TASK REQUIREMENTS =
Copy each line of the records that contains the word "photo".

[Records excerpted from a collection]

BEGIN

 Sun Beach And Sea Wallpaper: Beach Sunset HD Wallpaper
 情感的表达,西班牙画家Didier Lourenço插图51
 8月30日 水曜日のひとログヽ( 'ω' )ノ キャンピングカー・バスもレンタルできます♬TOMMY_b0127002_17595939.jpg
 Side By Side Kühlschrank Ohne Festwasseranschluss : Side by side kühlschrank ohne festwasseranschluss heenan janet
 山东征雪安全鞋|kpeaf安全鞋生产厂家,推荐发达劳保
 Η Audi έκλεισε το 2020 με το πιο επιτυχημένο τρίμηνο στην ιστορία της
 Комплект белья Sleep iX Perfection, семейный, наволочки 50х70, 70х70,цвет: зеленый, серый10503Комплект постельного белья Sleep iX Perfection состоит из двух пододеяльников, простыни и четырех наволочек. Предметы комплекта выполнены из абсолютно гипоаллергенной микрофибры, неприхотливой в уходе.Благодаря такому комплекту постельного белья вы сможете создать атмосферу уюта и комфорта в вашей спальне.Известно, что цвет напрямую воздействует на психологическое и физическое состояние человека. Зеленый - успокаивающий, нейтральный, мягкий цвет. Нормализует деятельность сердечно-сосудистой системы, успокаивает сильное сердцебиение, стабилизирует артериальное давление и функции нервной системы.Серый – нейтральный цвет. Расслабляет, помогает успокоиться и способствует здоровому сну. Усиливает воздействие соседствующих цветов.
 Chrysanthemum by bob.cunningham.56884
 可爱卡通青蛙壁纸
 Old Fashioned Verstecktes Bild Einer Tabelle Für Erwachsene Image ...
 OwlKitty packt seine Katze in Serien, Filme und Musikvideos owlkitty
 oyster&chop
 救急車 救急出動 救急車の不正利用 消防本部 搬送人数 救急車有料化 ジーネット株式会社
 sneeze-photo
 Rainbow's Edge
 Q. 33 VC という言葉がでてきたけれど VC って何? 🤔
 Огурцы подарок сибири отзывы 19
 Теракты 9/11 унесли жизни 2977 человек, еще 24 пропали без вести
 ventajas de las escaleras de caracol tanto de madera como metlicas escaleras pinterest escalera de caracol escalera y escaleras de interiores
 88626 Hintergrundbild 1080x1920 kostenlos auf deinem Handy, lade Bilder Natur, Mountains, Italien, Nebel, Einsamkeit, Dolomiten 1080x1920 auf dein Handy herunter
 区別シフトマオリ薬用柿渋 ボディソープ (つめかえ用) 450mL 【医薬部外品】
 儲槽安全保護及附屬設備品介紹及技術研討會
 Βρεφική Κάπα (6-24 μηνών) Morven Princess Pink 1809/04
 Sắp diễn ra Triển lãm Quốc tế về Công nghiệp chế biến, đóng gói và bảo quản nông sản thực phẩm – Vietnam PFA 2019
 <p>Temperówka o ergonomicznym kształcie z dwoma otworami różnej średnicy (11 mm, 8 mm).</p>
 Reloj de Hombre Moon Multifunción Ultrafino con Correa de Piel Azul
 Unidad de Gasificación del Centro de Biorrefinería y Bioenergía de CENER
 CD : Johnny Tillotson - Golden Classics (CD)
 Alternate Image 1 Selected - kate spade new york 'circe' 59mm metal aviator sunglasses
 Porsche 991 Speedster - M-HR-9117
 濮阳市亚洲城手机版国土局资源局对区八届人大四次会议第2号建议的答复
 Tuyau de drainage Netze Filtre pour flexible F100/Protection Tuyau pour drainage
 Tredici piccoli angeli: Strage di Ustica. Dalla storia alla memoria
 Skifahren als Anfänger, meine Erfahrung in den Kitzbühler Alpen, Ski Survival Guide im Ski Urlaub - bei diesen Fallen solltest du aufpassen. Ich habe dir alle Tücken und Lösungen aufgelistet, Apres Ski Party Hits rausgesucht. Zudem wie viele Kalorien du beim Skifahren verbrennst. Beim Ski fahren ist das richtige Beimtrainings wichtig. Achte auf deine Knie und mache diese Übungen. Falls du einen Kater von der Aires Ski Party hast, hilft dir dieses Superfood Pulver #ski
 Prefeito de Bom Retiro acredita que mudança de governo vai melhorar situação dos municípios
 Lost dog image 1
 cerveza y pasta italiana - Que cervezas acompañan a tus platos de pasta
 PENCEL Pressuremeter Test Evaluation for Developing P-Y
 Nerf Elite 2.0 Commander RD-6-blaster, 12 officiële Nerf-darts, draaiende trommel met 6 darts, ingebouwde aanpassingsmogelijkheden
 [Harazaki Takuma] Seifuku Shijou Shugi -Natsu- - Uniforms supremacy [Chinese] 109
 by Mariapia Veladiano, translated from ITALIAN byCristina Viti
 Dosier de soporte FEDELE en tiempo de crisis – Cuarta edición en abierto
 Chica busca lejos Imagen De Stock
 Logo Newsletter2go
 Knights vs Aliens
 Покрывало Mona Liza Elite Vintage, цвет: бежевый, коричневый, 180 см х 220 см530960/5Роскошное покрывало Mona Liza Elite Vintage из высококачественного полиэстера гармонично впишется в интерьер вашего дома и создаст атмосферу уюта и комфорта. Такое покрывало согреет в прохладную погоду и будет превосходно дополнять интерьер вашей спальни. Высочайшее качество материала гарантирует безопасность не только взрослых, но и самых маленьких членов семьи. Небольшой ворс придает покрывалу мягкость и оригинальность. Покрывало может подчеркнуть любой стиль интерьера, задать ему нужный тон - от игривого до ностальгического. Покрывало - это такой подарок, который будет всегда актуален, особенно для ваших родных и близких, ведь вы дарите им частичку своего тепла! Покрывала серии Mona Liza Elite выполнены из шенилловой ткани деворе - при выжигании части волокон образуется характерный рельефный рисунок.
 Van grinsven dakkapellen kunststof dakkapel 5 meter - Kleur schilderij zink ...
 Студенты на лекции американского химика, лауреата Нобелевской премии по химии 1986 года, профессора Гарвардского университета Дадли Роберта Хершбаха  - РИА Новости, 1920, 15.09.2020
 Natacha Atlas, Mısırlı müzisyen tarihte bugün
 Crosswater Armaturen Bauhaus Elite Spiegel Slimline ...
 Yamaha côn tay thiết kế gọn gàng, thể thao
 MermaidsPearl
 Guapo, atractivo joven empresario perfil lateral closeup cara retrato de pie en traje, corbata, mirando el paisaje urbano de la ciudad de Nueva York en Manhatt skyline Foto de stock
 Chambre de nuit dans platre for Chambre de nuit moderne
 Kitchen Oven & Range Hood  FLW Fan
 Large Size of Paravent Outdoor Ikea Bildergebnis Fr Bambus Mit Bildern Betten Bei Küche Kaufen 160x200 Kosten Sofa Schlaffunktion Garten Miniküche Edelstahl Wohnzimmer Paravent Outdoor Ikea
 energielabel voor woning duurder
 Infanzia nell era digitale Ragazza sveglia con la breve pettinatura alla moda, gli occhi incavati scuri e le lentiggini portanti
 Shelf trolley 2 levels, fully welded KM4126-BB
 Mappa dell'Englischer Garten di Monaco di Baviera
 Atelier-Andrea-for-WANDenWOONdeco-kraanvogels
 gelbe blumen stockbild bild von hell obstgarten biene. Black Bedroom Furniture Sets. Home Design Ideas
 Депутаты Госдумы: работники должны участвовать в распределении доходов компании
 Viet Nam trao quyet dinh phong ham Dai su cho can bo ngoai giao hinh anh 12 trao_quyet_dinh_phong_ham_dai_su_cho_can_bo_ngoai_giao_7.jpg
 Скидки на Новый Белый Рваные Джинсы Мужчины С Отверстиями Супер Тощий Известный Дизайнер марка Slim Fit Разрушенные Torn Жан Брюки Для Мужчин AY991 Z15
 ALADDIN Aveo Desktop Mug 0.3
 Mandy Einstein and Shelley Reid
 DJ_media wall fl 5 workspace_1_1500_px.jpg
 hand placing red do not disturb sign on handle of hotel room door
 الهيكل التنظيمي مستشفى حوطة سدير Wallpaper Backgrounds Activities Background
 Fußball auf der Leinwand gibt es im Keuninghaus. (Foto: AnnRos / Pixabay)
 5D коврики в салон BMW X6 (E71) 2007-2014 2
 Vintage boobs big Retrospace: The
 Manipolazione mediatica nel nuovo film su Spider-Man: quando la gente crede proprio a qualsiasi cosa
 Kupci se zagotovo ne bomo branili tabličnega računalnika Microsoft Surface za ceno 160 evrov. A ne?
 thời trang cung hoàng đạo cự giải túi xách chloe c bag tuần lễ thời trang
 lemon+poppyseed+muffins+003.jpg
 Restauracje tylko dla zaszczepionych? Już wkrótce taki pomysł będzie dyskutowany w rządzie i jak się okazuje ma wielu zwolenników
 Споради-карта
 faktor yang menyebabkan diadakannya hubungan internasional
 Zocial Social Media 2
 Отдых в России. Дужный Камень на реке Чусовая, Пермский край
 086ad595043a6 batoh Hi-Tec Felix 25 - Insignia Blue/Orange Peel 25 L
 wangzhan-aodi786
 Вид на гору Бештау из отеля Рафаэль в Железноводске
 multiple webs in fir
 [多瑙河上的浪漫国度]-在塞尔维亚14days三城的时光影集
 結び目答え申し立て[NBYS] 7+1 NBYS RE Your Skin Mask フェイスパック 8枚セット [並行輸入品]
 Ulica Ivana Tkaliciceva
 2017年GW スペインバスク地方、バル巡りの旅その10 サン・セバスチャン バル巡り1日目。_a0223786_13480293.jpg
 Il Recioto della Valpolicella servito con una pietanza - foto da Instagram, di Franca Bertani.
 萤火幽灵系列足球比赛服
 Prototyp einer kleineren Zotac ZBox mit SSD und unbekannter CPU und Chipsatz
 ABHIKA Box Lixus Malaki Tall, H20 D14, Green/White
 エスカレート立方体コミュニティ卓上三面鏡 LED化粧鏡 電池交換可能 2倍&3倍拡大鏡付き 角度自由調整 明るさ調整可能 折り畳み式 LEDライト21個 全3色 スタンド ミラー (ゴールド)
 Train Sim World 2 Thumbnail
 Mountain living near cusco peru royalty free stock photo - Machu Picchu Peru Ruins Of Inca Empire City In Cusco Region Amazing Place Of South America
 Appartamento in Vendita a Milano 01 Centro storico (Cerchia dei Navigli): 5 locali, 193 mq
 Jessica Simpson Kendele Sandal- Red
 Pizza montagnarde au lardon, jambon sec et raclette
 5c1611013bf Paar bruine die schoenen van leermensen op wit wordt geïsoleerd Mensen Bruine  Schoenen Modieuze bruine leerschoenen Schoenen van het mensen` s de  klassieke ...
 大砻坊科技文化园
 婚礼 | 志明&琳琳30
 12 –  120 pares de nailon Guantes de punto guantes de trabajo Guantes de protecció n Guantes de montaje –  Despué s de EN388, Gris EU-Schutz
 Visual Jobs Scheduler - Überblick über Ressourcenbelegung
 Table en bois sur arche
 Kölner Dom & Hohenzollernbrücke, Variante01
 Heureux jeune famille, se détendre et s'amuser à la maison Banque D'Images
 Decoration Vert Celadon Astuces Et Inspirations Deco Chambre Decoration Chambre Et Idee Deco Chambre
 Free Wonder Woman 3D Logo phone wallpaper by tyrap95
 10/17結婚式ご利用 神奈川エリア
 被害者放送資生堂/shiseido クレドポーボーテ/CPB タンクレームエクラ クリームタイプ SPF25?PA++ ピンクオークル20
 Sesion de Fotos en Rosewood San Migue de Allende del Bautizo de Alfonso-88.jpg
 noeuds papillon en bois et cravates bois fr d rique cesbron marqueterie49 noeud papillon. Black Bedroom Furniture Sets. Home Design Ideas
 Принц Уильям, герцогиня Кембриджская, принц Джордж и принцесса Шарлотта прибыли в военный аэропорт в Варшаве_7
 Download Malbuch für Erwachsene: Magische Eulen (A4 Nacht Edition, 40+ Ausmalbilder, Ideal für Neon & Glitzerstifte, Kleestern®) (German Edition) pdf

END

EXPECTED ANSWER =
 sneeze-photo
 Mountain living near cusco peru royalty free stock photo - Machu Picchu Peru Ruins Of Inca Empire City In Cusco Region Amazing Place Of South America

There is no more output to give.